Now the girls are off to southern California to see the Pacific Ocean and hand out at the beach. I'll let Brooke tell that story from her point of view!


----------



## spikethebest (Mar 29, 2010)

awwww how cute!!!! i love the t-shirts!!!!

since you posted pics of yourself wearing tortoiseforum.org t-shirts, you win FREE stickers!!

I will PM you!


----------



## Stephanie Logan (Mar 29, 2010)

Cool! Thank you.


----------



## terryo (Mar 29, 2010)

Those were great pictures! I love when people post pictures of places I can't get to.


----------



## jdawn (Mar 29, 2010)

Stephanie,
What a great time it looks like y'all had!
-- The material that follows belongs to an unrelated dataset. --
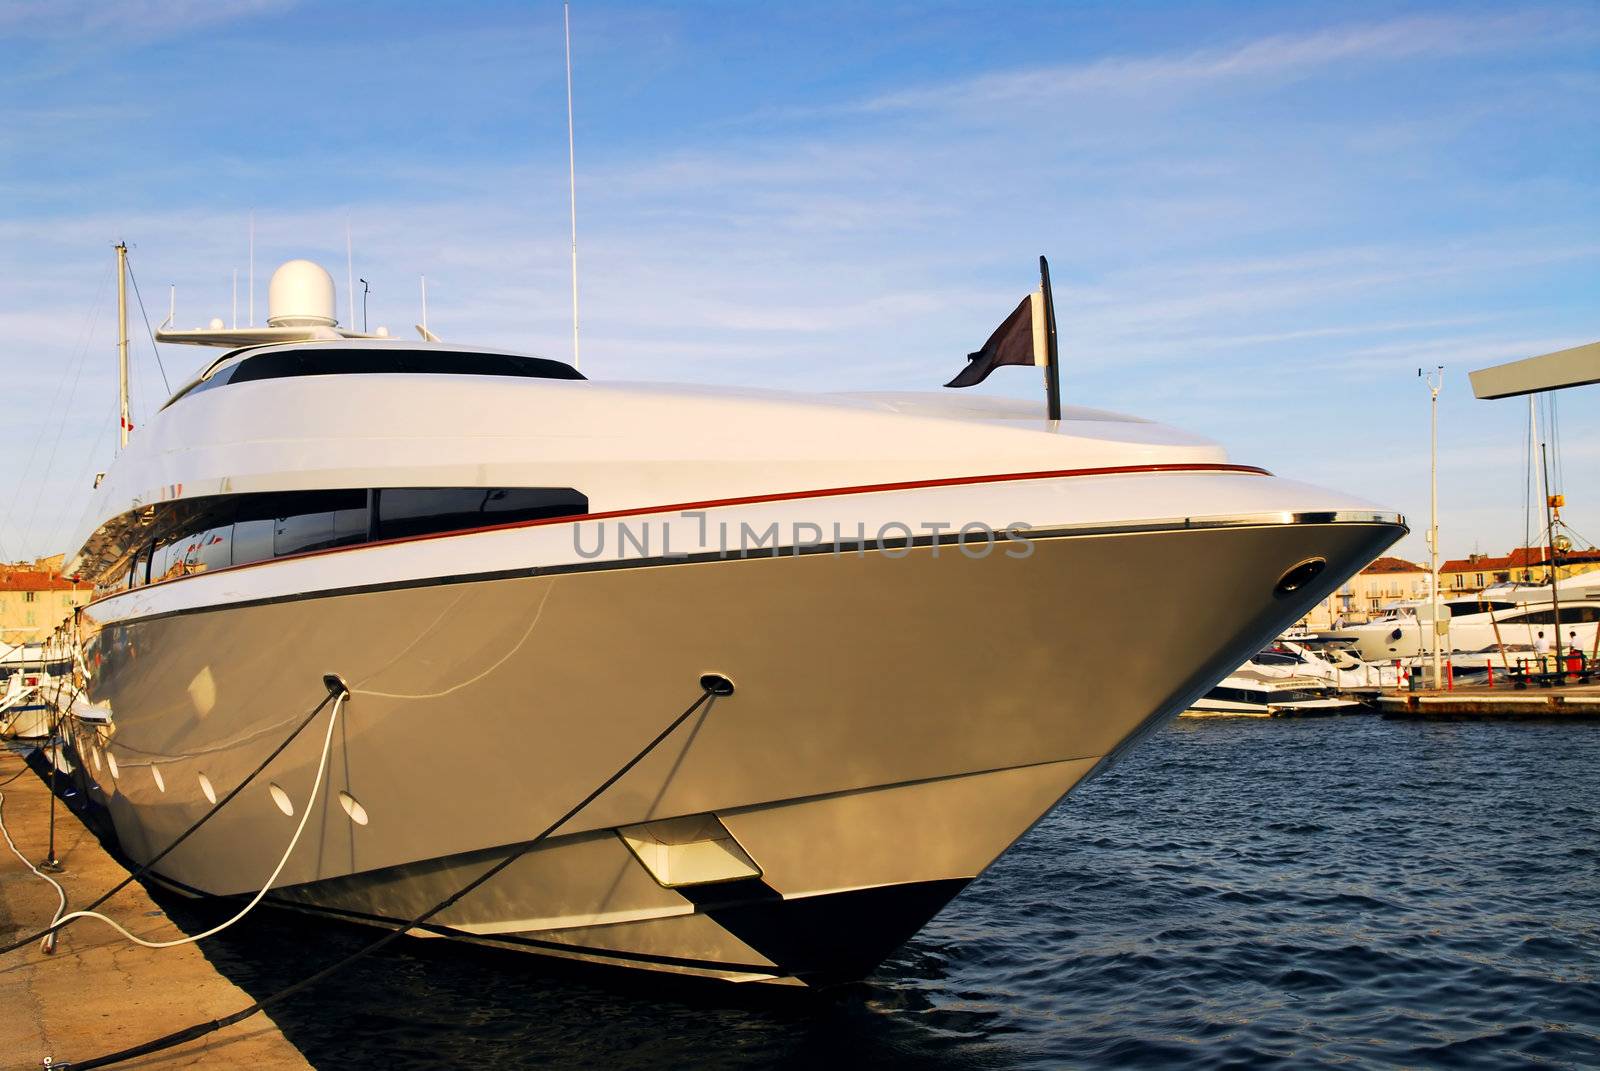 Luxury yacht by elenathewise

Ava's an adorable traveller. That is so fun that you got to show off some of our amazing scenery 
It makes me want to head out on a road trip too! Thanks for sharing~ Jenny Dawn


----------



## Stephanie Logan (Mar 29, 2010)

Thanks for the advice about hiking trails--we found an easy one for the stroller right along the rim, so it was "beautiful" exercise!


----------



## ChiKat (Mar 30, 2010)

Great pics! It looks like everyone had a wonderful time 
Did you two know each other before TFO?


----------



## Stephanie Logan (Mar 30, 2010)

Haha, no.

My kids have given me plenty of grief for taking up with someone I "met" online, since I am always warning them not to do this! 

Brooke is a teacher though, and I am a teacher, and we both love England, TFO, and kids!


----------



## alfiethetortoise (Apr 4, 2010)

Like the pictures! I have only just managed to load myne onto the computer, so its going to be another day or so untill i can photobucket them and get them on here, sorry! Ava is demanding to go on a whistlestop tour of all her friends since we got back, which is all good and well but not on bank holiday weekend as its taking up lots of time 

Well, its raining here in traditional LD fashion! Got a mountain of washing, and had to also go on an easter egg mission. It's times like this i wish i had a cleaner!

Alfie had a good holiday, and is in very good shape. 

p.s. Ava is still asking for milo! He clearly made an impression!


----------